Fairy tales are popular choices for authors to reference because they’re an assumed body of knowledge. Most readers can relate to and recognize the classic fairy tales. 

For example, an author could adapt the plot of “Hansel and Gretel” in their work. The story of children far away from home, lost in a forest, and captured by some evil witch in a strange place—you’ve probably seen a version of this in something you’ve read. 

Myth

References to mythology in literature show that the story goes beyond what is on the page—it is really a story about humanity’s noble yet primal motivations. 

For example, Derek Walcott’s Omeros uses parallels to The Iliad and The Odyssey to tell the story of a community of Caribbean fishermen. He knows this community intimately and wants to tell their story in a way that highlights their struggles, as well as their triumphs. The narrative guide of the classic myths allows Walcott to show the nuances of the fishermen’s condition by associating their story with an ancient epic.

The Bible

Many authors use the Bible to highlight the differences between religious tradition and modern life, or to enhance the reader’s awareness that the story speaks to the tensions and struggles that have existed since the beginning of man.

For example, Ernest Hemingway used the title The Sun Also Rises, which alludes to a passage from the Bible that is about hope and life’s endless cycle. But Hemingways’ book is about hopelessness—it’s about infertility and the feeling that the future will never come. Hemingway’s ironic biblical reference is meant to highlight a key theme for the reader.

Symbol

When you read with a symbolic mind, you constantly look for metaphors and analogies. You not only see things for what they actually are, but also what they might represent

Common symbols and their associations: 

  • Vampires, ghosts, and monsters represent the darker side of reality.
  • Flight represents freedom.
  • Weather illustrates a novel’s atmosphere and themes.
    • Rain represents cleansing, regeneration, or misery.
    • Fog represents confusion.
    • Snow represents inhospitality or coziness, depending on the story. 
  • Seasons are symbols for a character’s age, his place in the cycle of life, or his emotional state. 
    • Winter is the season of anger, unhappiness, old age, and death.
    • Spring is the season of naivety, possibility, birth, and childhood.
    • Summer is the season of love, passion, and adulthood. 
    • Fall is the season of tiredness, reflection, personal harvest, and middle age. 

Some symbols in literature are less commonly used, even unique to a particular novel or author.
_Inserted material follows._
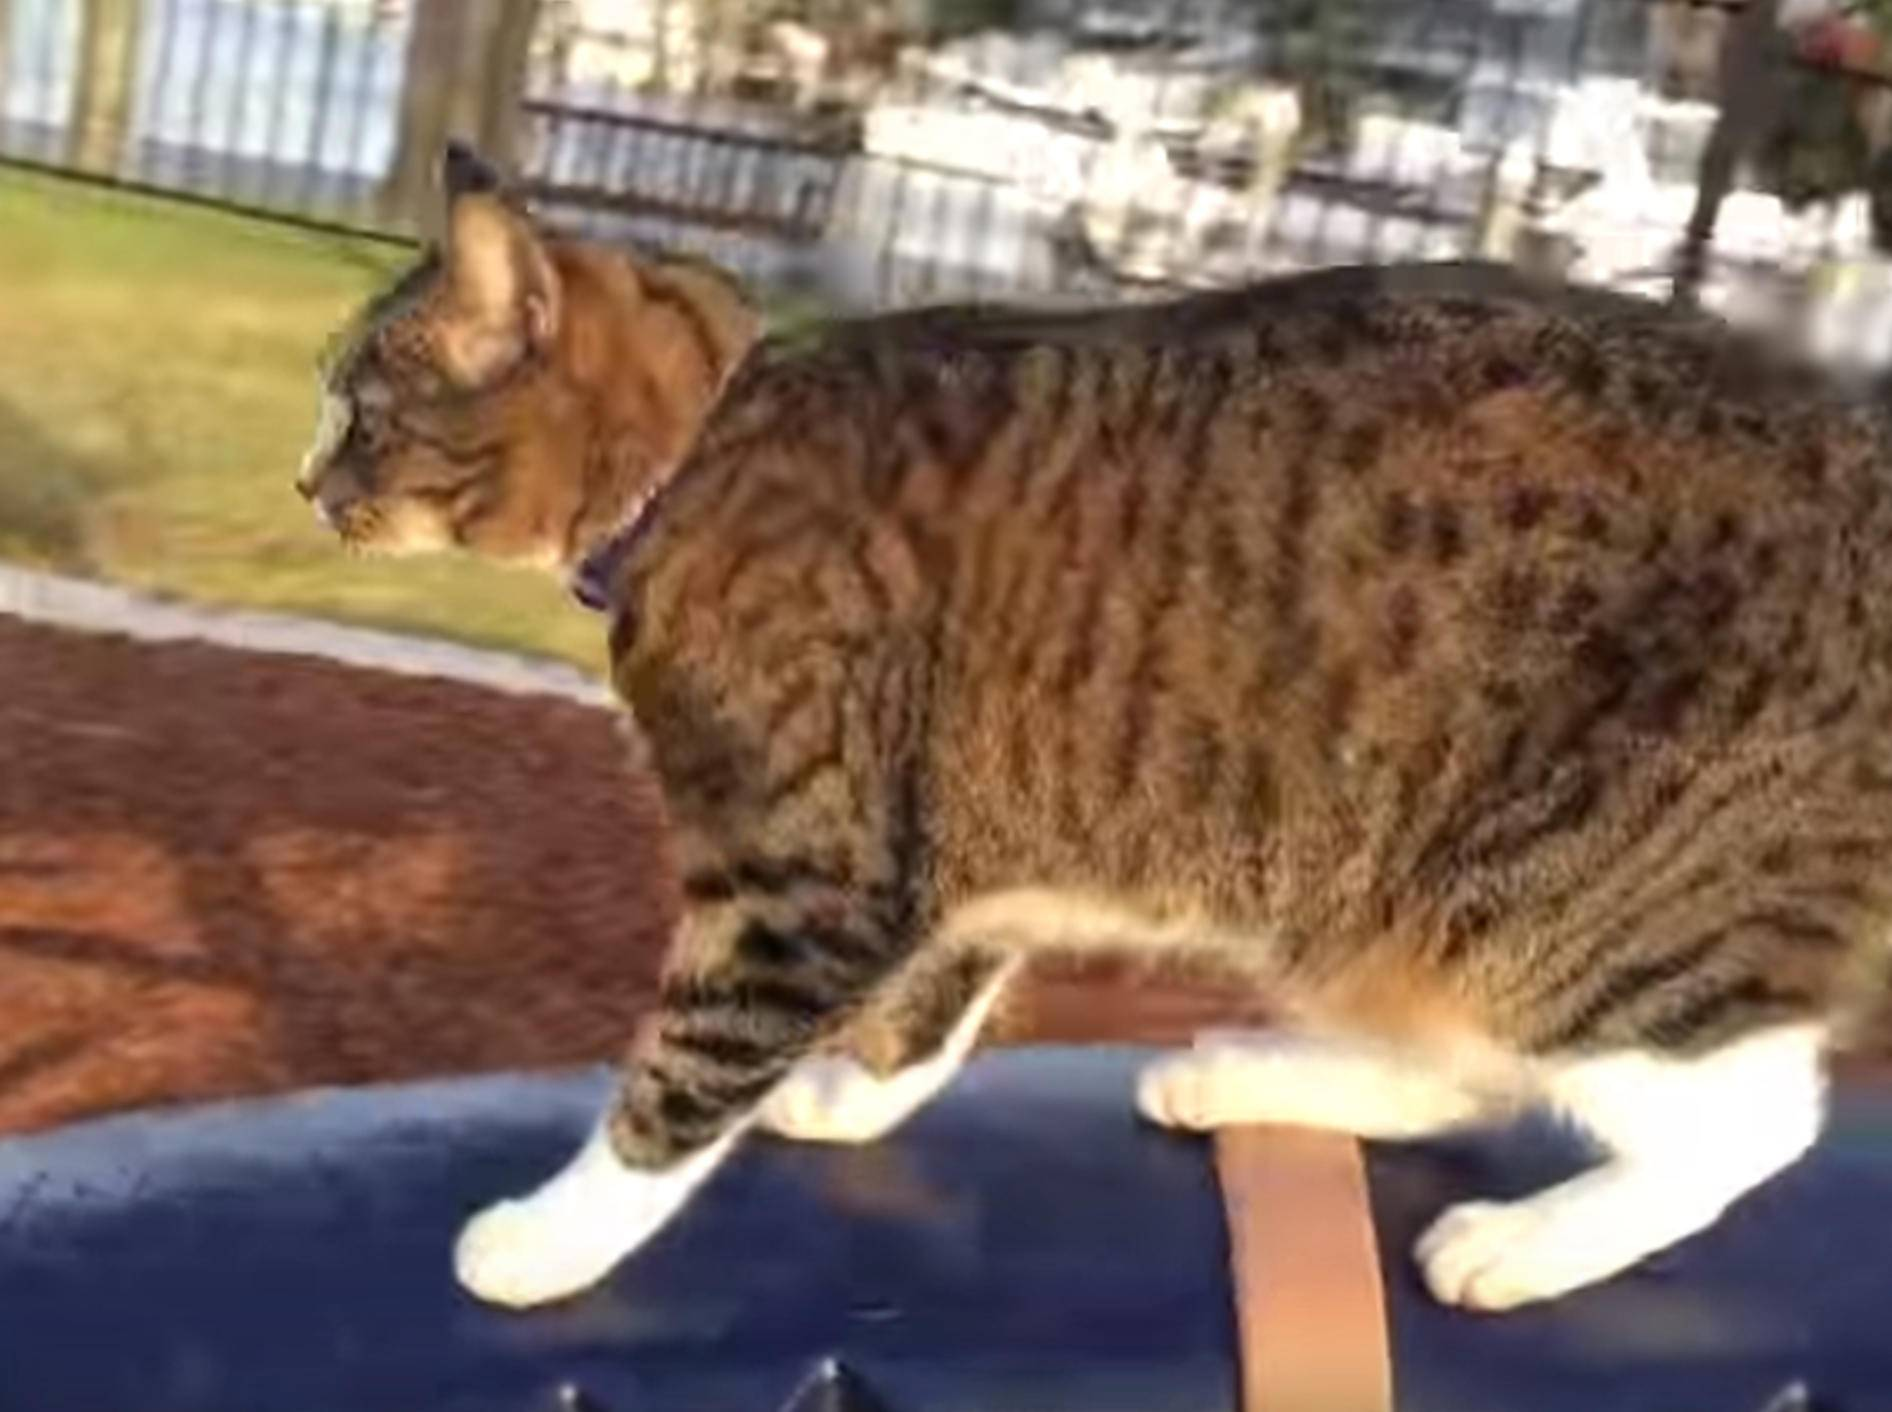 Schwindelfrei: Katze Digda fährt Karussell – Bild: YouTube / CATMANTOO

While it is more challenging to interpret the meaning of a symbol you’ve never seen before, you can still draw on your experiences with previous works of literature as a guide. 

And symbols aren’t always objects. Some actions that are commonly used as symbols are:

  • Violence: Acts of violence in literature are always a symbol for some greater kind of personal or societal suffering.
  • Sex: Authors include sex scenes in a novel when they are trying to illuminate other themes, such as submission, rebellion, or fertility. 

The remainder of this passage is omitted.